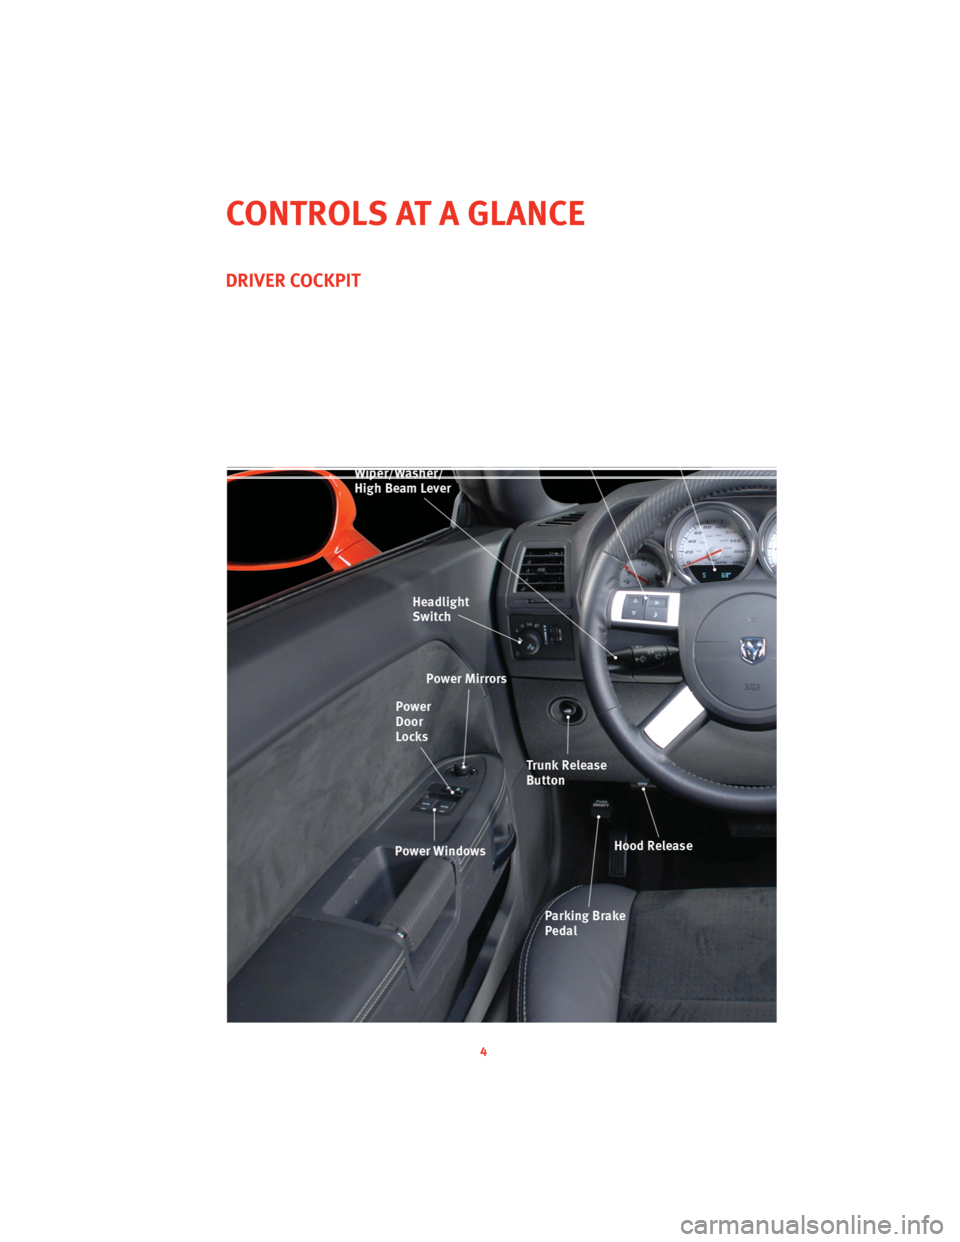 DODGE CHALLENGER 2010 3.G User Guide DRIVER COCKPIT
4
CONTROLS AT A GLANCE 
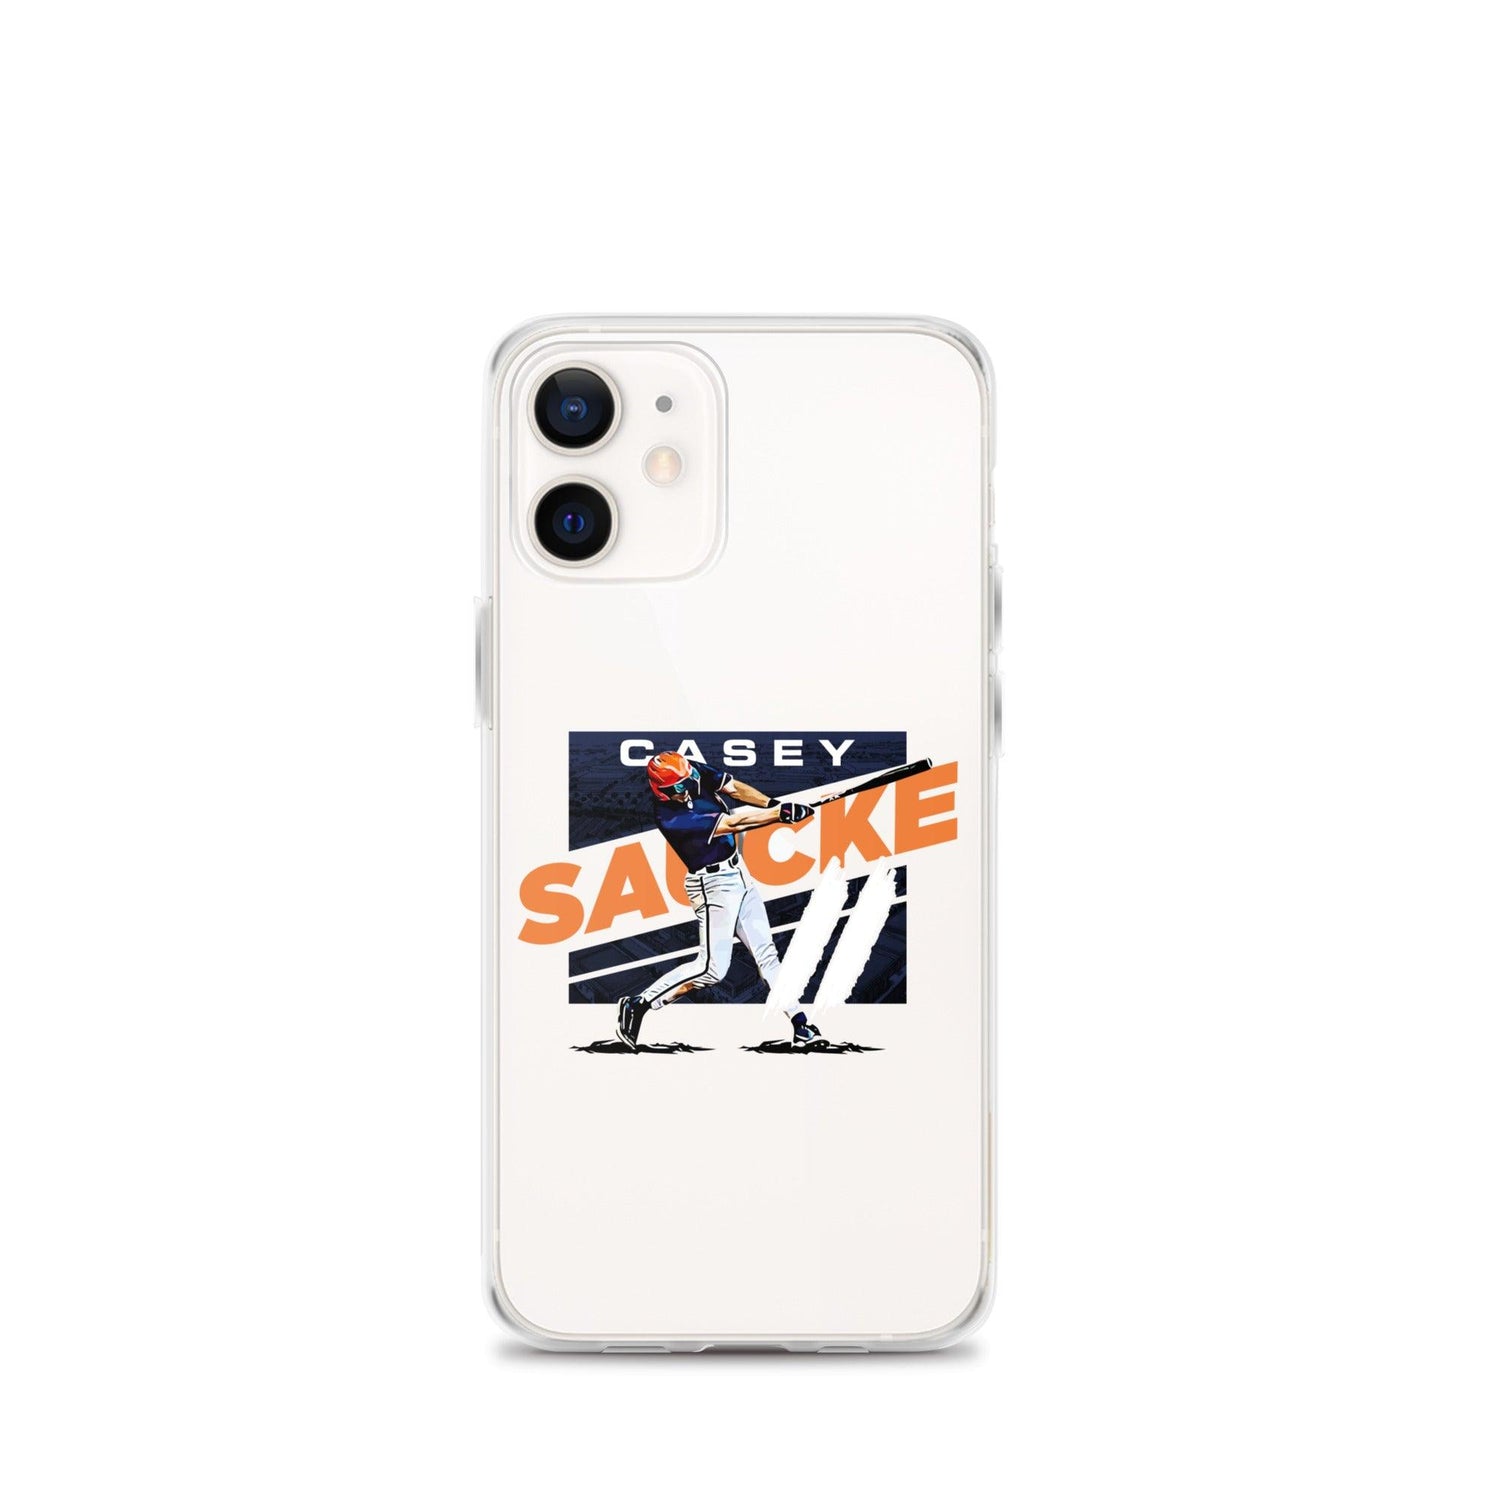 Casey Saucke II “Essential” iPhone Case - Fan Arch

□ □ □ □

▶ _Work to complete_:
Only the lines from the one with "CONTROLS AT A GLANCE" through the end of the listing above should be output, exactly as written and with no pictures.

▶ _Task answer_:
CONTROLS AT A GLANCE 
 Casey Saucke II “Essential” iPhone Case - Fan Arch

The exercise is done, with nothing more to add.